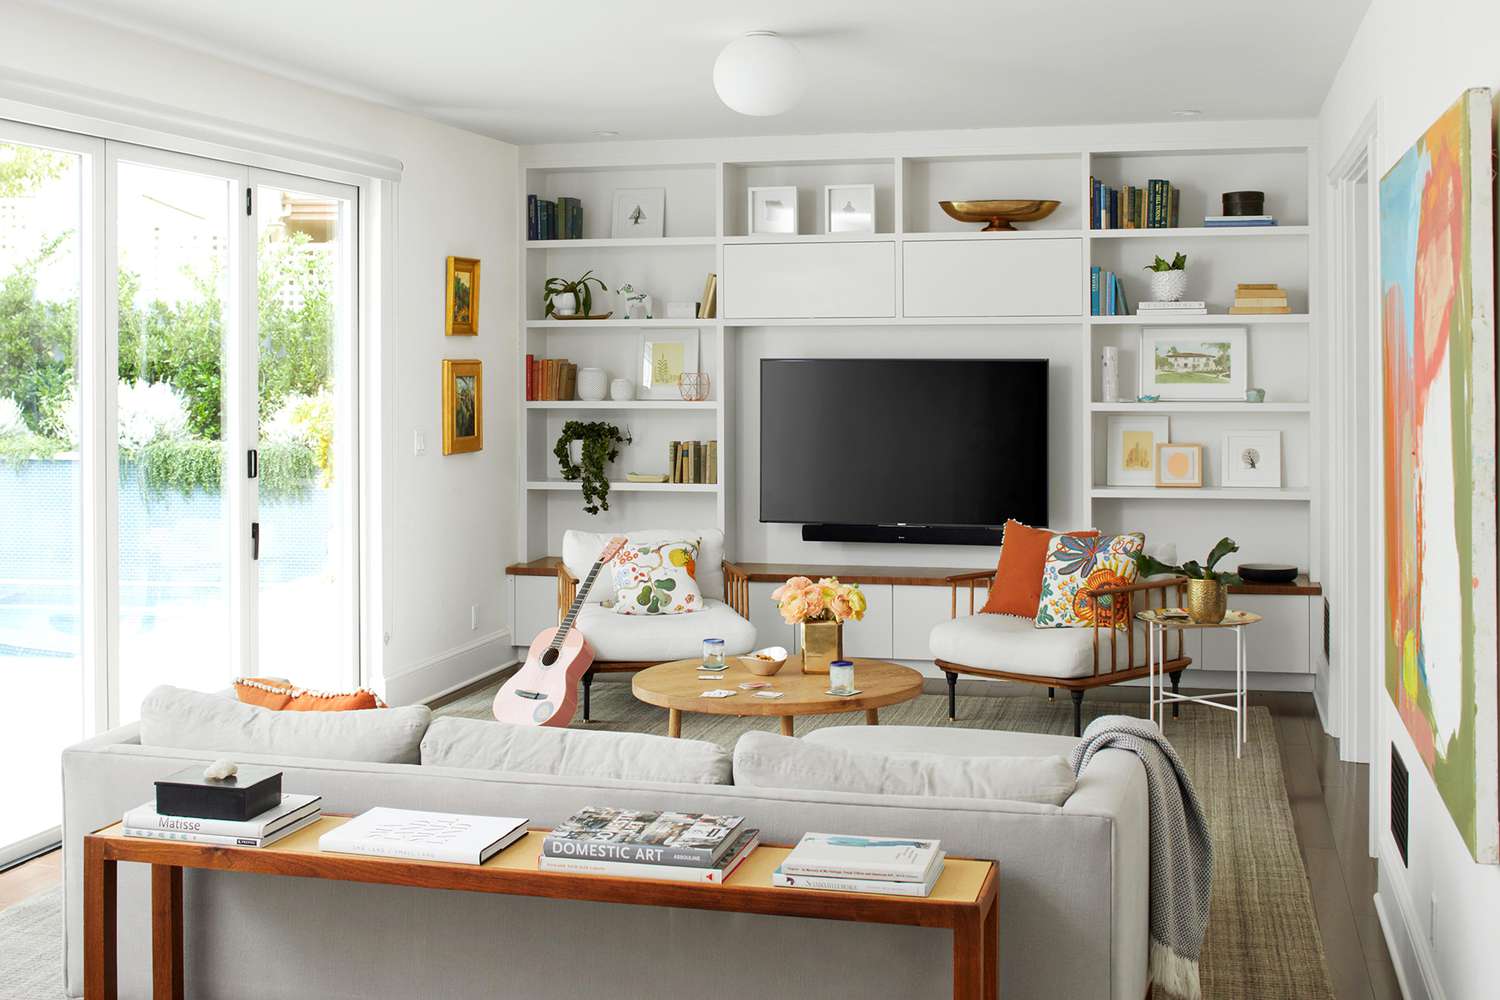 15 Stylish Ways to Decorate with a TV | Better Homes & Gardens
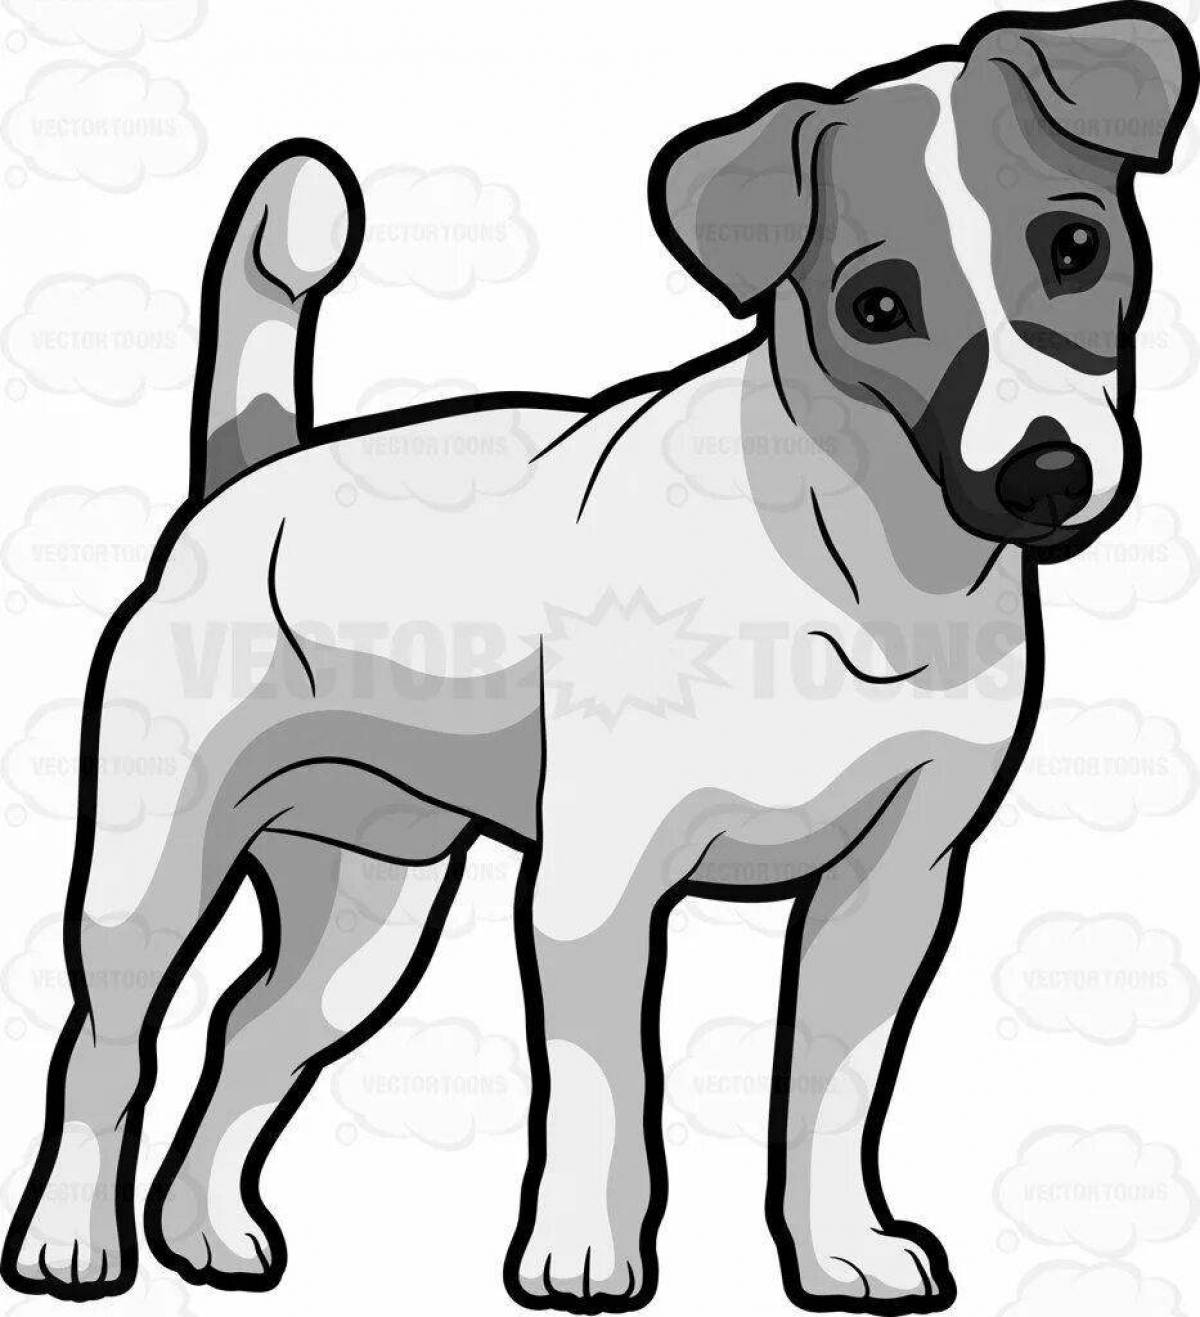 Jack Russell Terrier dog playful coloring book
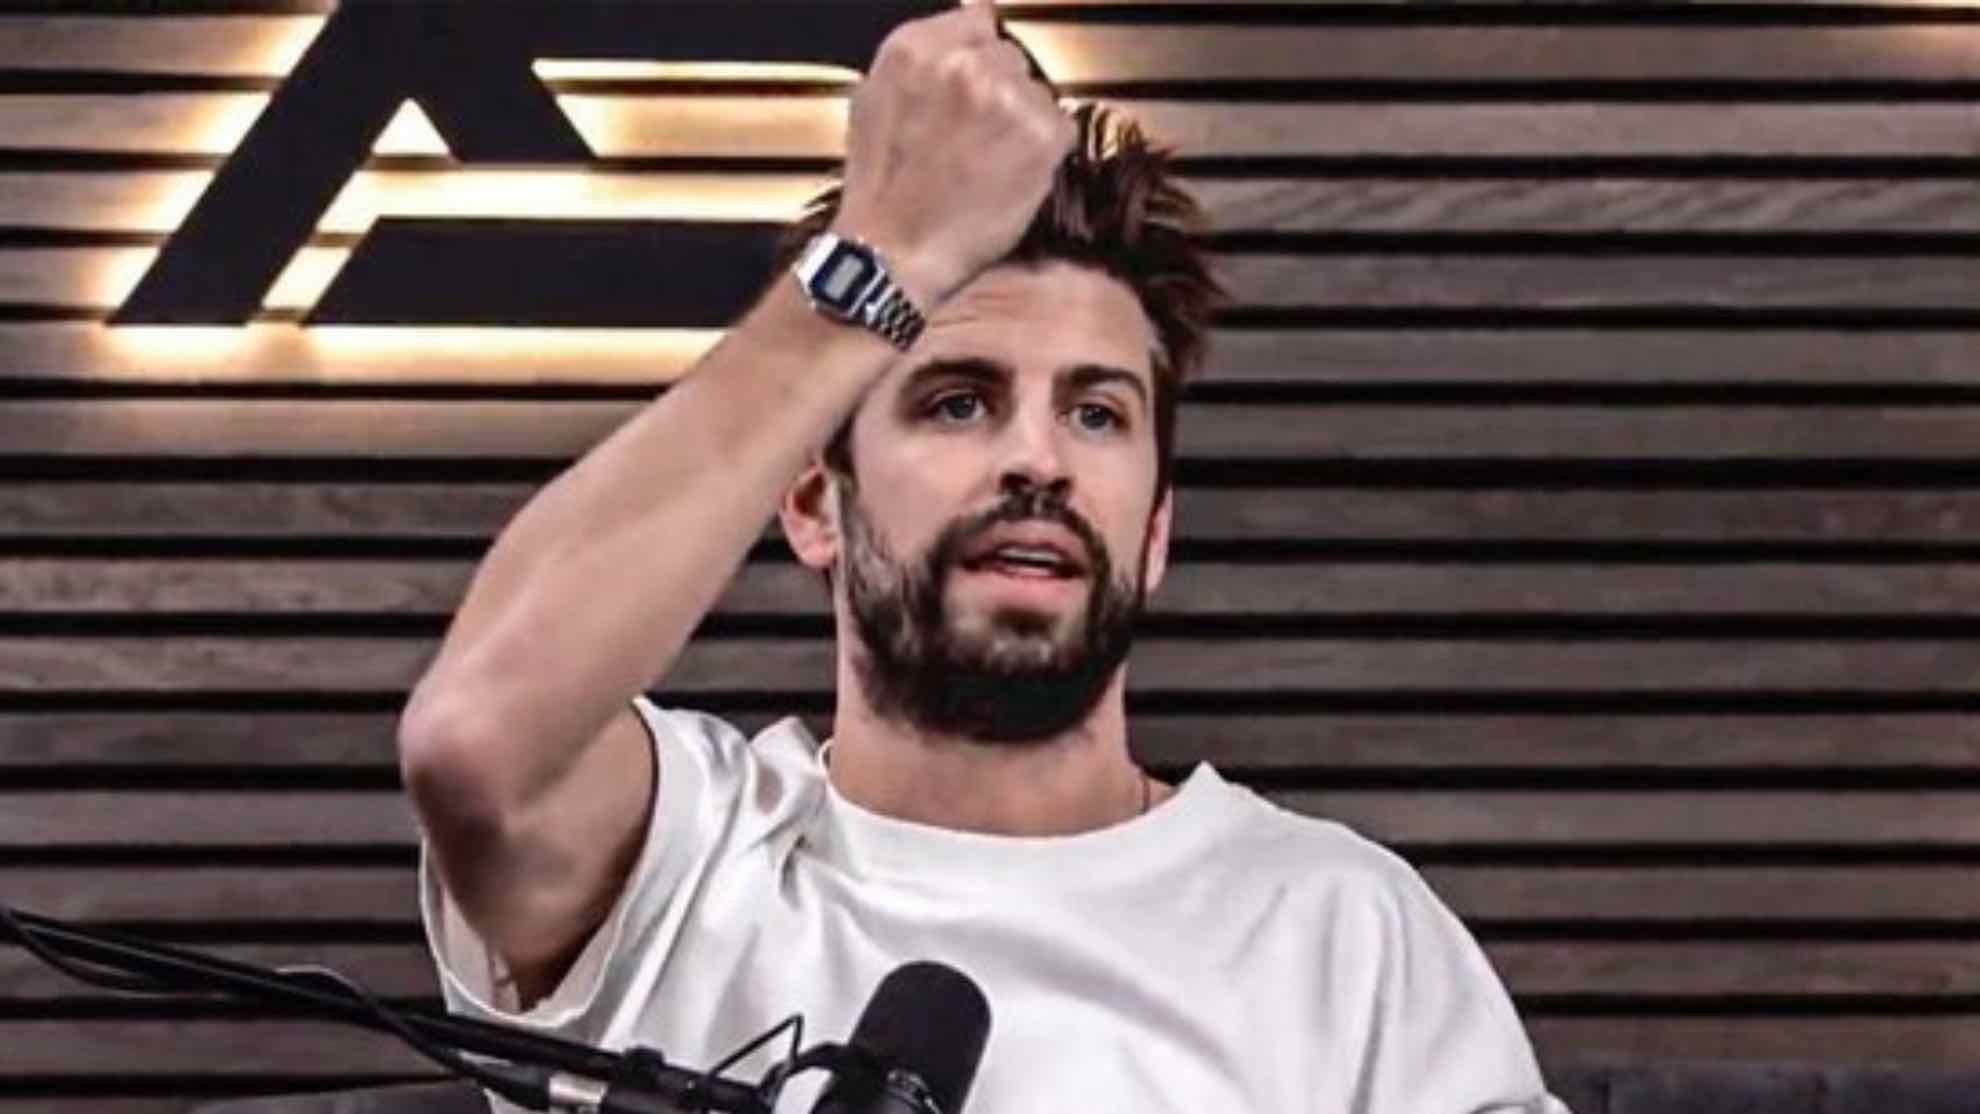 Casio threatens Gerard Piqué for lying on his name

Task objective: Write the listing again exactly, duplicating every line and skipping the pictures.

Solution to this task:
 15 Stylish Ways to Decorate with a TV | Better Homes & Gardens
 Jack Russell Terrier dog playful coloring book
 Casio threatens Gerard Piqué for lying on his name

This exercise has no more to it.